We’ll also present two techniques a DBA can use to understand how space in the
temporary tablespace is being used and how users are being impacted by a full
temporary tablespace.
The first technique we’ll look at includes how to direct
Oracle to log every statement that fails for lack of temporary space.
The
second technique provides a set of queries a DBA can run at any time to capture
in real time how temporary space is currently being used on a per-session or
per-statement basis.
These techniques can help DBAs address chronic or
intermittent shortages of temporary space.
Oracle Sorting Basics
Many
different circumstances can cause Oracle to sort data. For example, Oracle
sorts data when creating an index and when processing most queries that include
an ORDER BY or GROUP BY clause. Oracle sessions begin sorting data in memory.

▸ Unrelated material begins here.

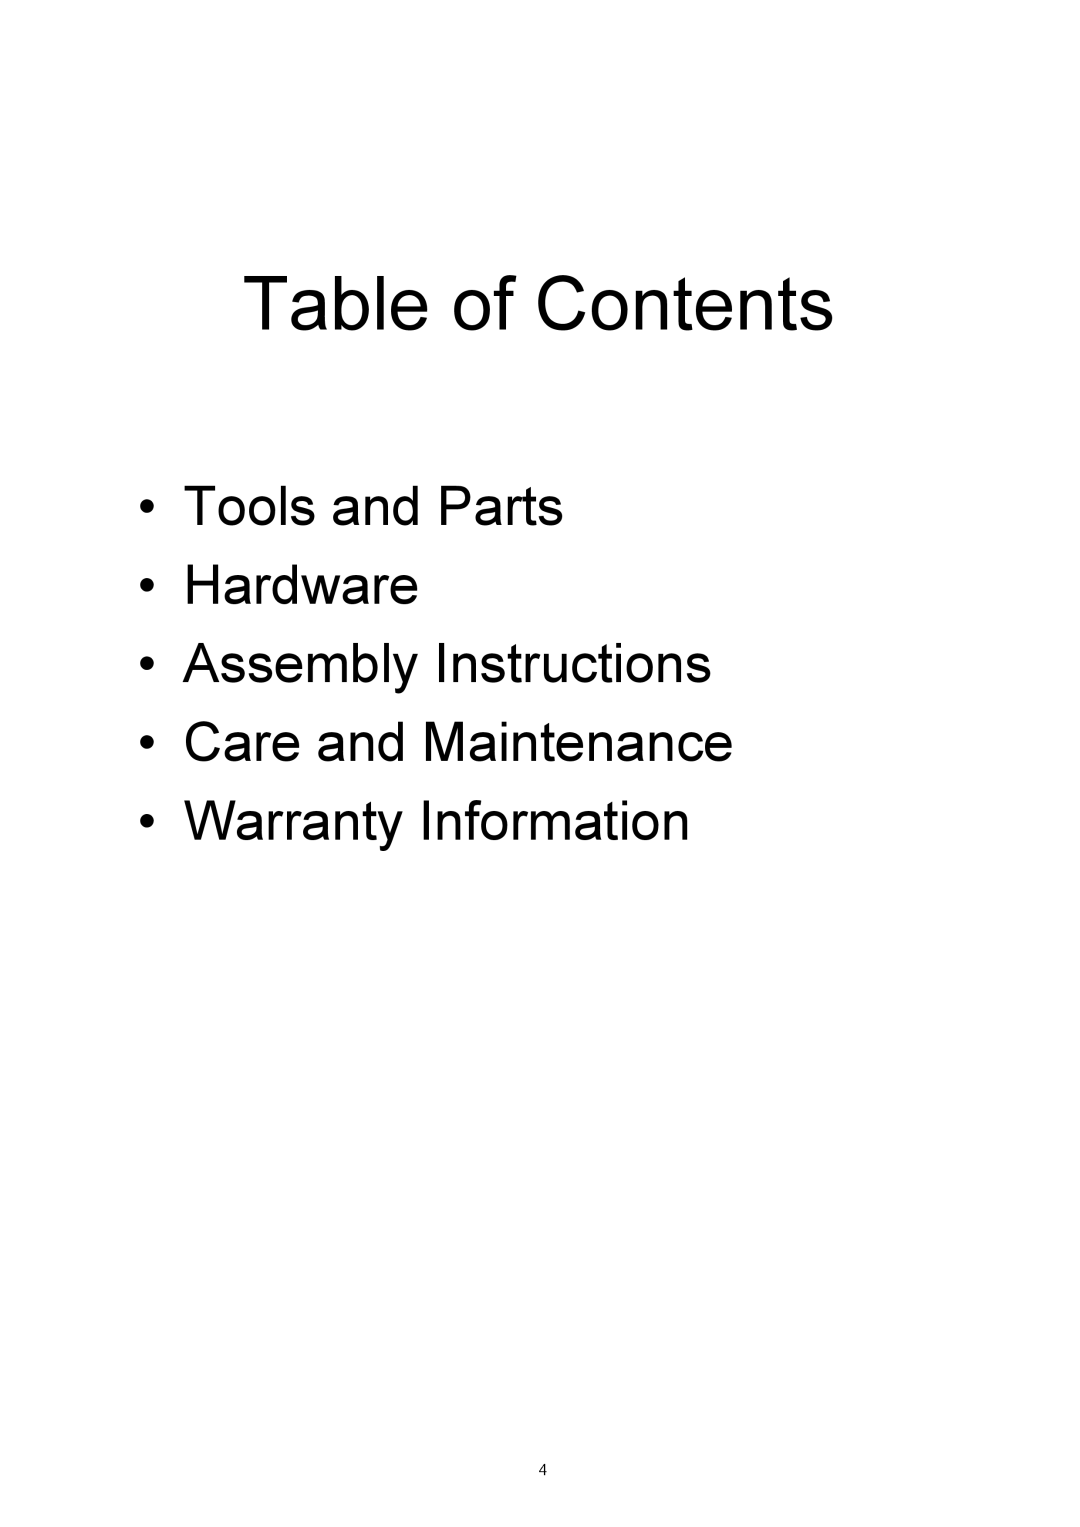 Outdoor Gourmet CG3023E Table of Contents, Tools and Parts Hardware Assembly Instructions Care and Maintenance 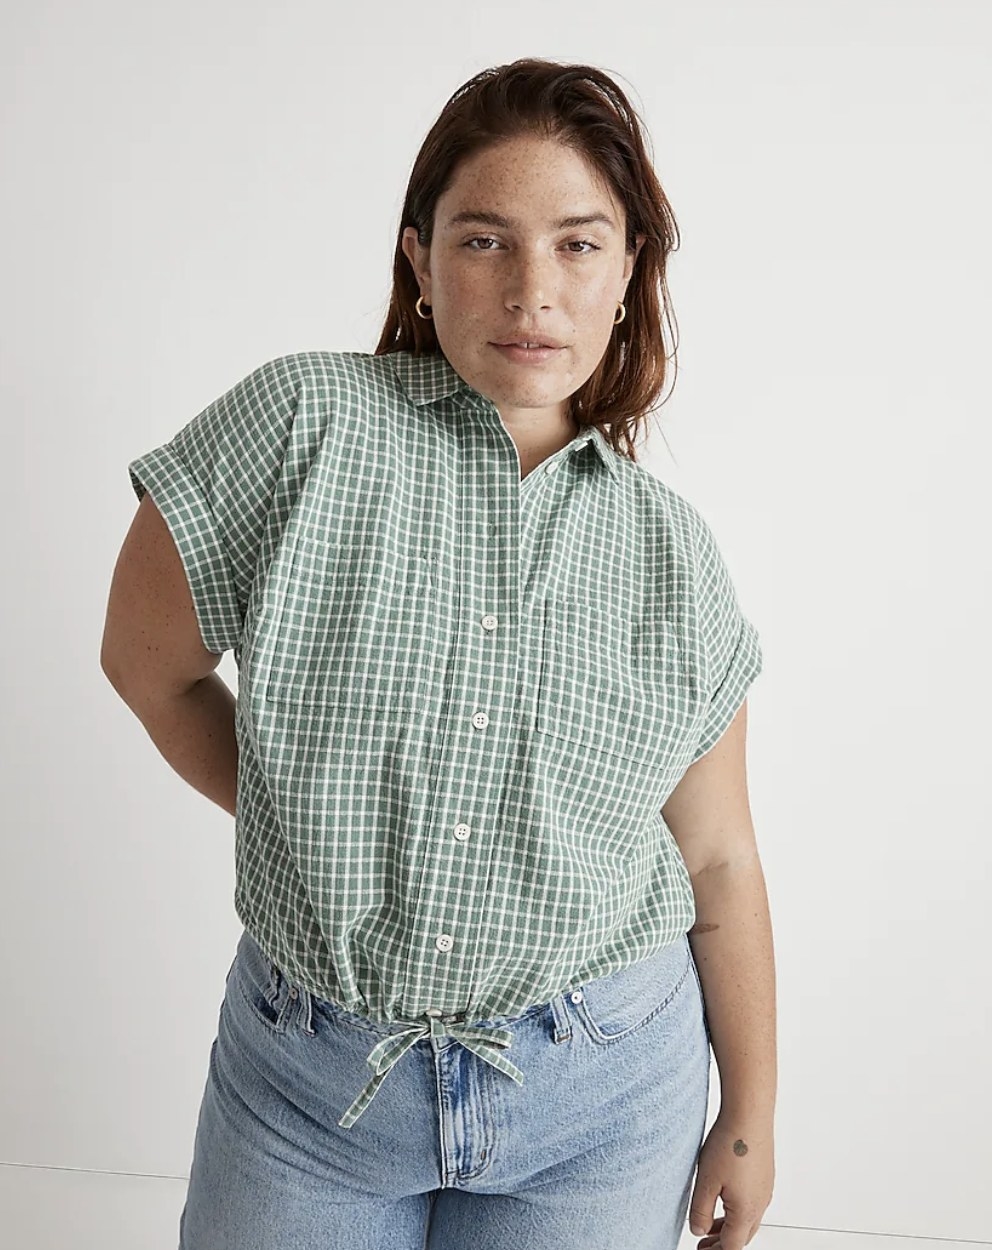 A person wearing a green and white plaid short sleeve shirt

If the amount of data being sorted is small enough, the entire sort will be
completed in memory with no intermediate data written to disk. When Oracle
needs to store data in a global temporary table or build a hash table for a
hash join, Oracle also starts the operation in memory and completes the task
without writing to disk if the amount of data involved is small enough. While
populating a global temporary table or building a hash is not a sorting
operation, we will lump all of these activities together in this paper because
they are handled in a similar way by Oracle.
If an
operation uses up a threshold amount of memory, then Oracle breaks the
operation into smaller ones that can each be performed in memory. Partial
results are written to disk in a temporary tablespace. The threshold for how
much memory may be used by any one session is controlled by instance
parameters. If the workarea_size_policy parameter is set to AUTO, then the
pga_aggregate_target parameter indicates how much memory can be used
collectively by all sessions for activities such as sorting and hashing. Oracle
will automatically assess and decide how much of this memory any individual
session should be allowed to use. If the workarea_size_policy parameter is set
to MANUAL, then instance parameters such as sort_area_size, hash_area_size, and
bitmap_merge_area_size dictate how much memory each session can use for these
operations.
Each
database user has a temporary tablespace (or temporary tablespace group in
Oracle 10g) designated in their user definition. Whenever a sort operation
grows too large to be performed entirely in memory, Oracle will allocate space
in the temporary tablespace designated for the user performing the operation.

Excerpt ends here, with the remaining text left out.